Top of Provided information

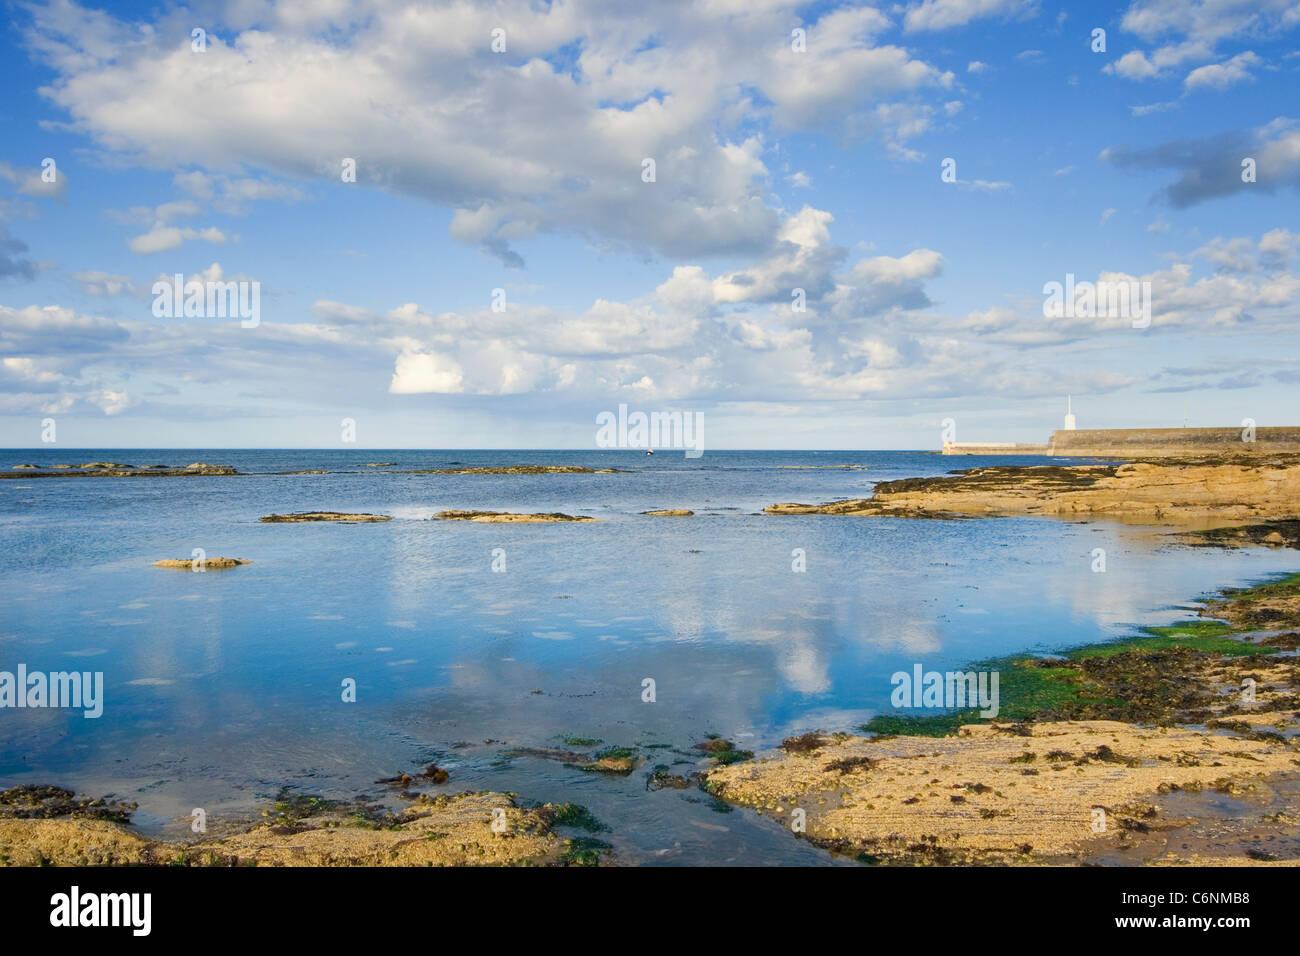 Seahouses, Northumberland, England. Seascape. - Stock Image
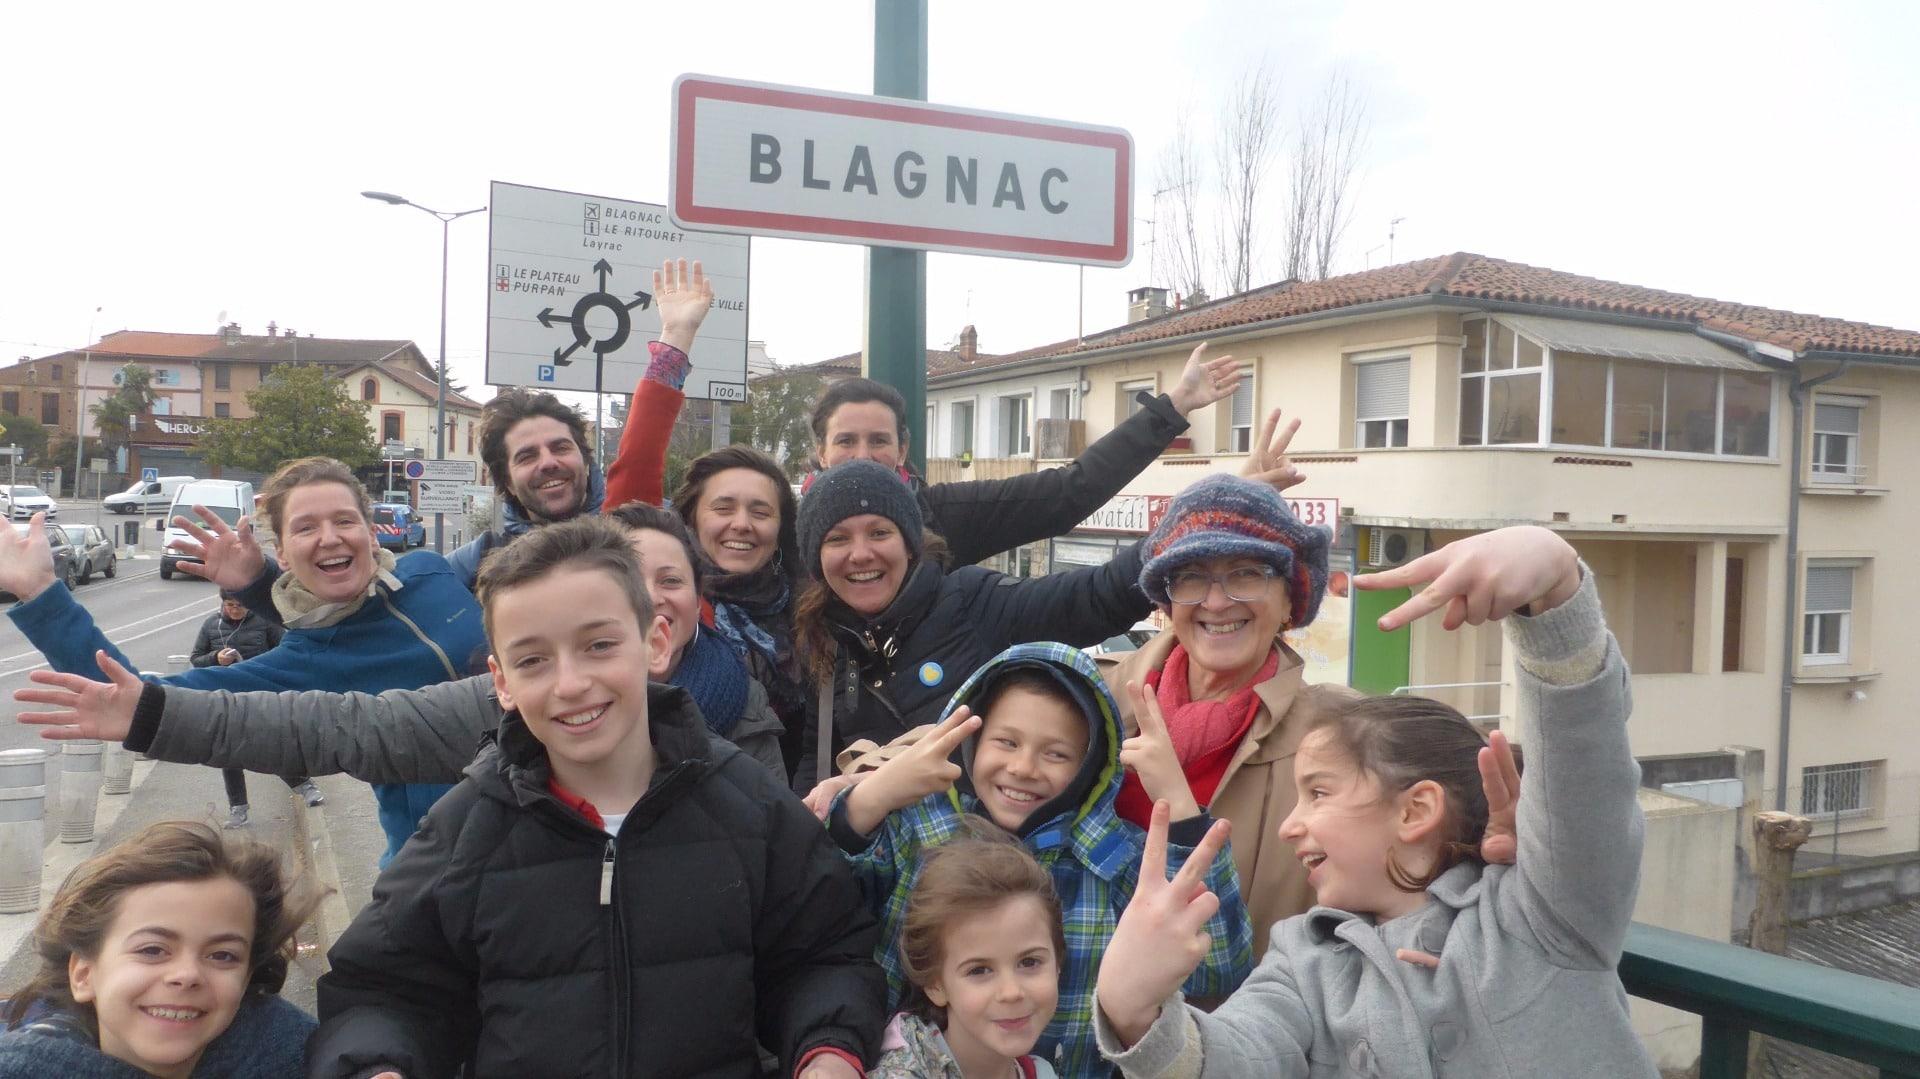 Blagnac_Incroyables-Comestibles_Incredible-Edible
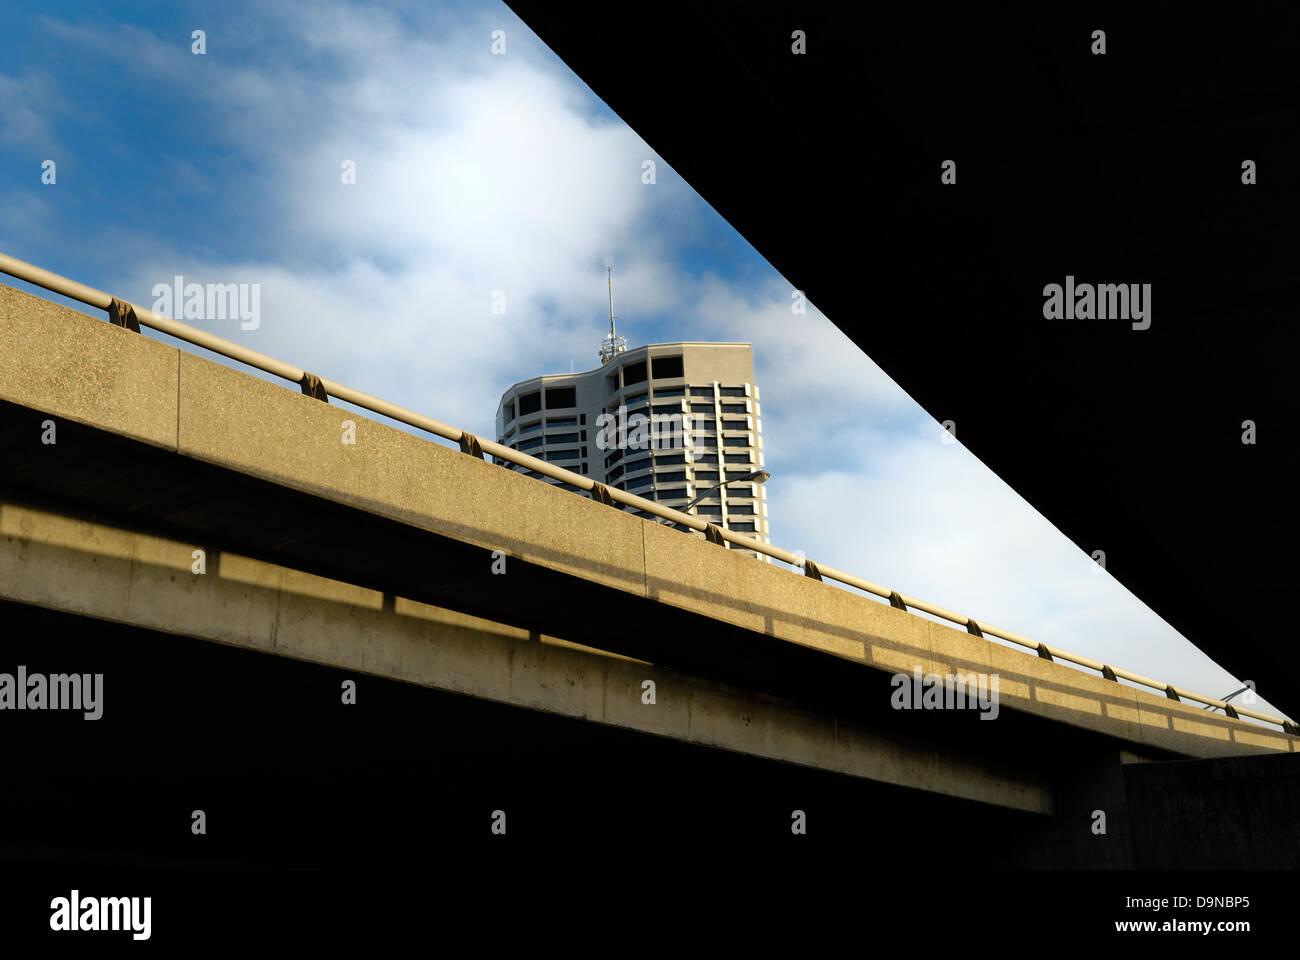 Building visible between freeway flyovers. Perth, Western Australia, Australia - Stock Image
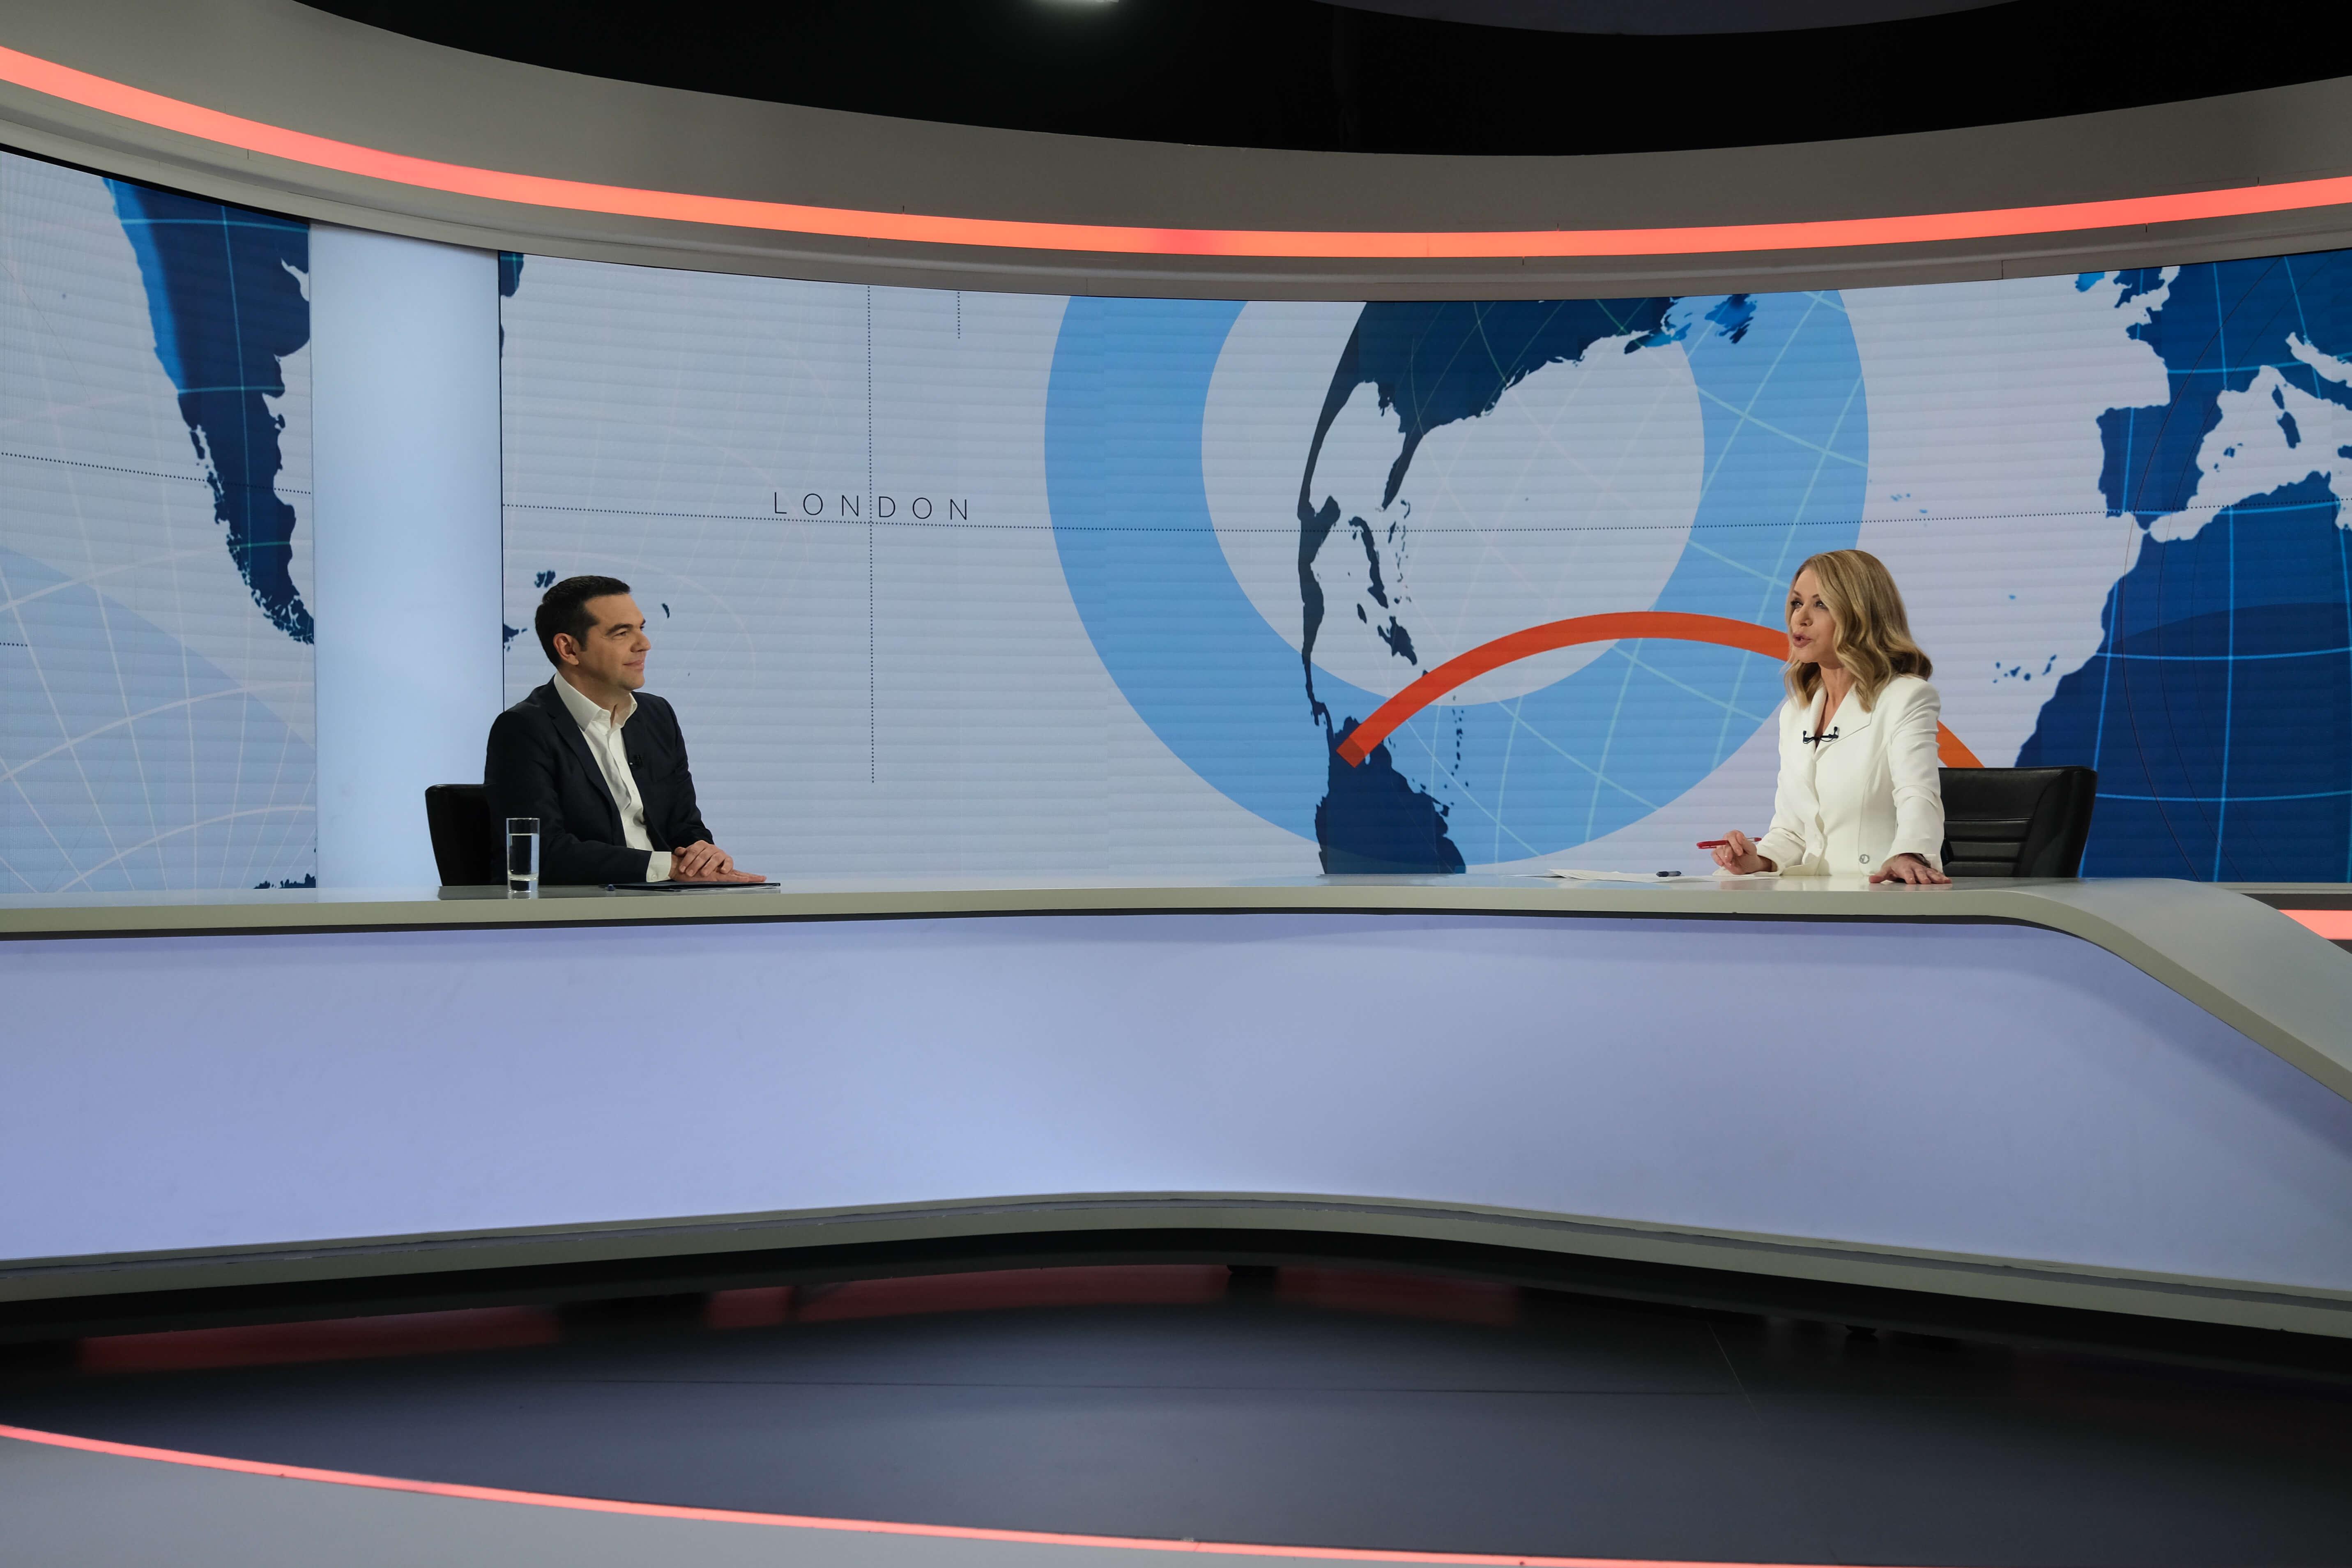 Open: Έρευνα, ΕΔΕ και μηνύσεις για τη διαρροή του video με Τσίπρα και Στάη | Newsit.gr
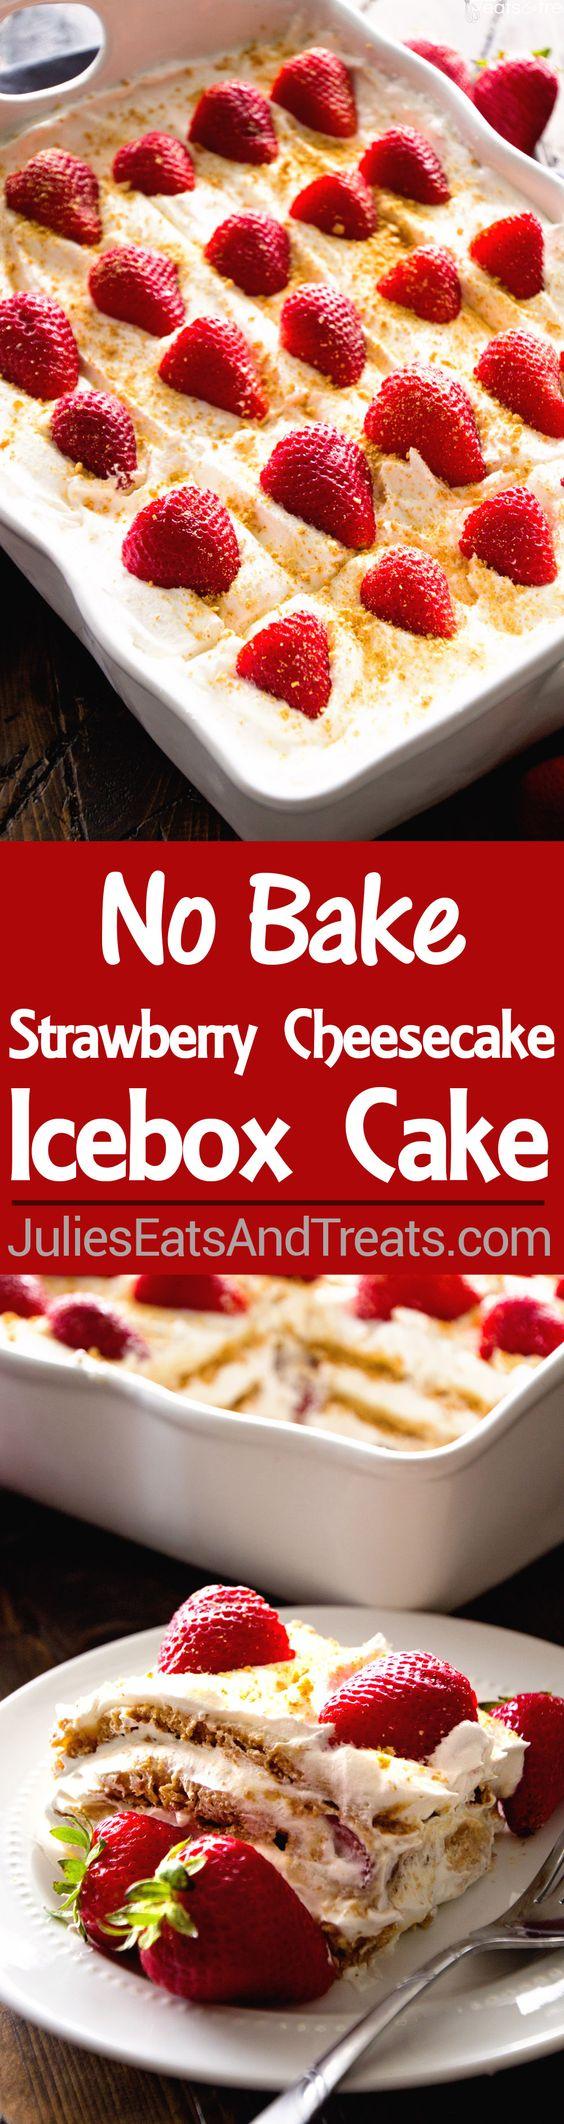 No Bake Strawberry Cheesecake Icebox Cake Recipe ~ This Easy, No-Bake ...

Bottom of Provided information

▶ _Task directions_: Take the records above from their first line through the line with "Open: Έρευνα, ΕΔΕ" and set those lines down word for word, minus the pictures.

▶ _Solution_:
 Seahouses, Northumberland, England. Seascape. - Stock Image
 Blagnac_Incroyables-Comestibles_Incredible-Edible
 Building visible between freeway flyovers. Perth, Western Australia, Australia - Stock Image
 Open: Έρευνα, ΕΔΕ και μηνύσεις για τη διαρροή του video με Τσίπρα και Στάη | Newsit.gr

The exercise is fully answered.